The client wanted to consolidate its 10 automotive brands into one, in order to find new audiences and forge new partnerships. The automotive industry is the most dynamic and inventive in the world, and the branding of Autovia needed to reflect these qualities. We also created a brand book to inspire designers into making powerful visual communications whilst also understanding the overall mission. Steve Fowler, editorial director, said: “The launch went well, and much of that was down to the visuals. Thank you!”

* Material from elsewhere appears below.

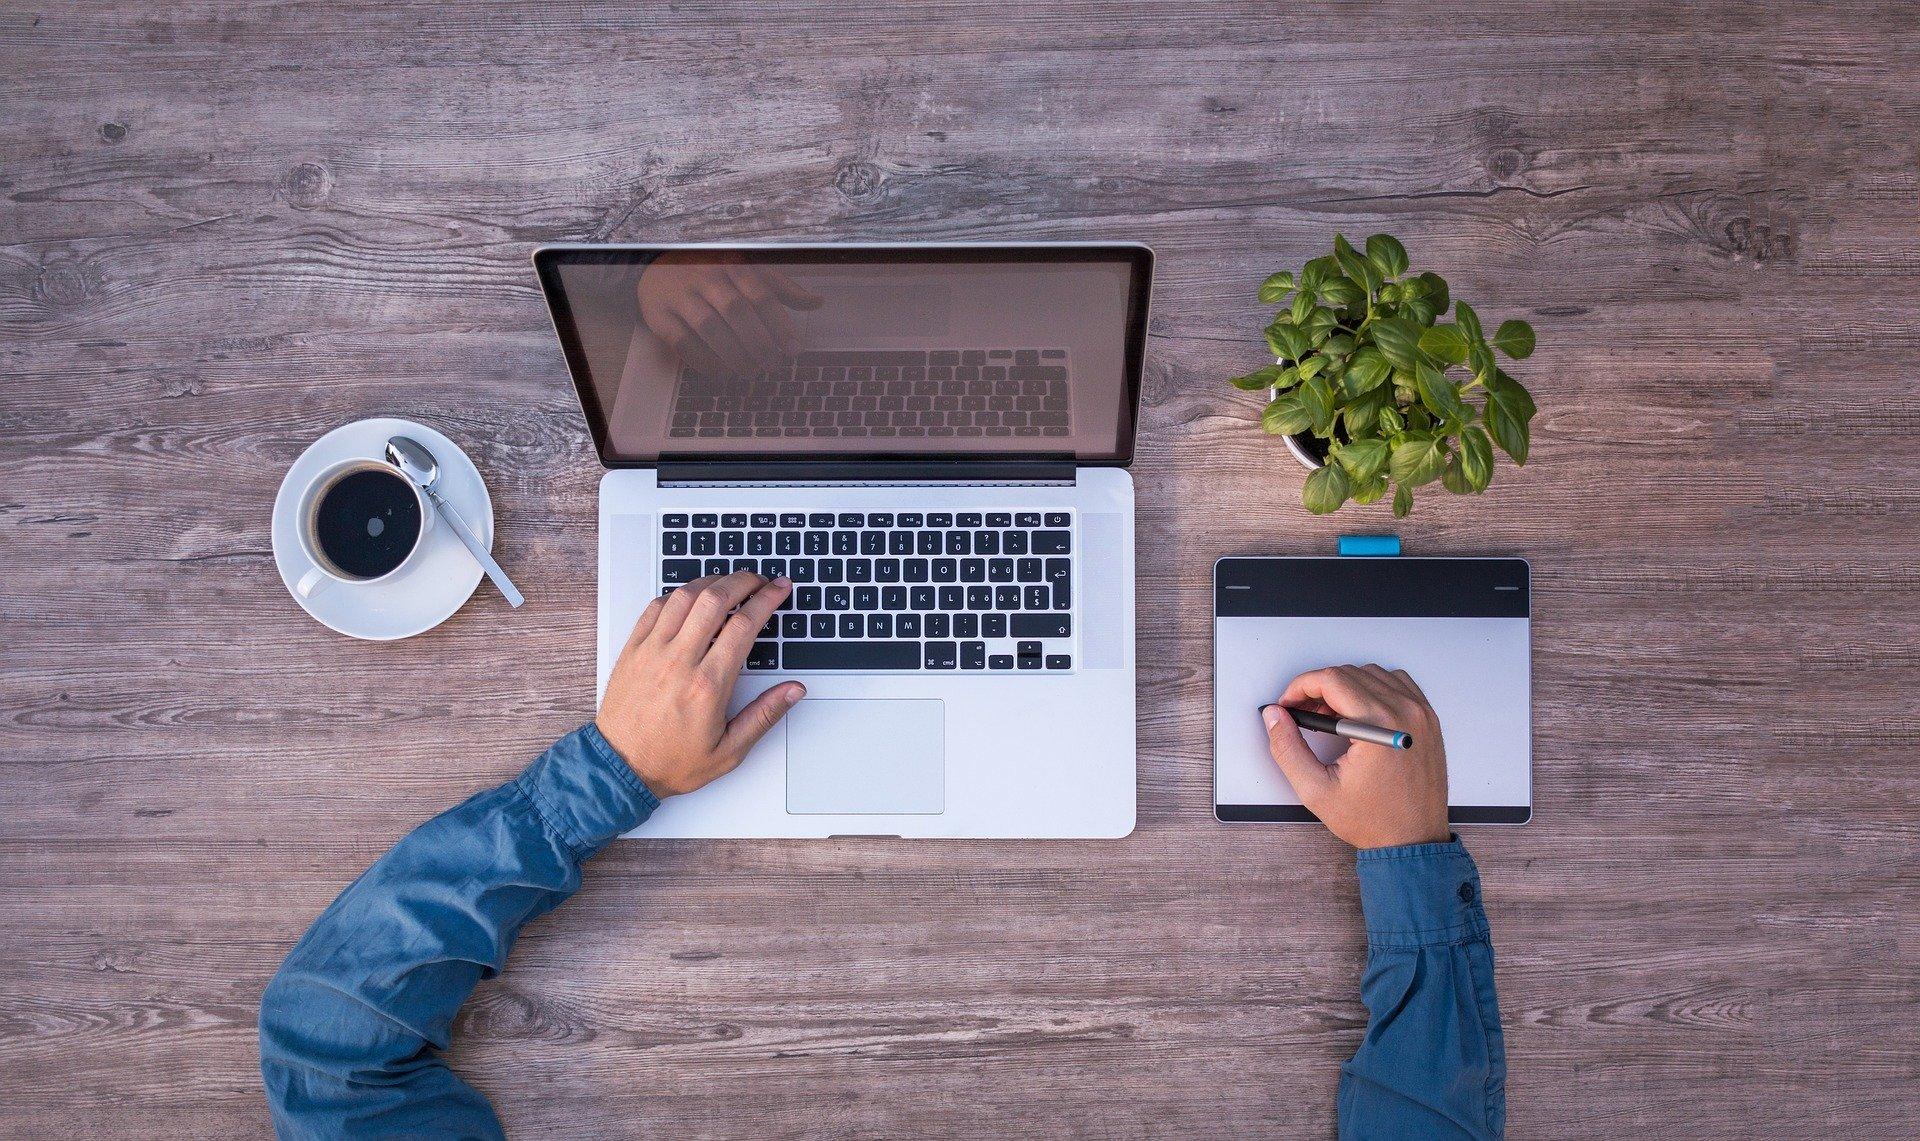 Womit kann man im Internet Geld verdienen?

The i is the only national newspaper that has never supported a political party. During the 2024 UK elections, its integrity and impartial journalism have never been needed more. I cowrote and art directed this integrated campaign with my creative partner Bill Dunn at Thinking & Doing.
In 2020 Dennis US launched The Week Junior in America. My role was creative director. Working with the global CEO of The Week and EIC of The Week Junior I created and commissioned the creative strategy and campaigns.
This included directing lead photography, brand film, social assets, tone of voice, brand book and campaigns up to launch and creative strategy as we moved into Coronavirus era.
The primary shoot in Los Angeles fed into the campaign’s stills and film. Its job was to connect families to the power of literacy.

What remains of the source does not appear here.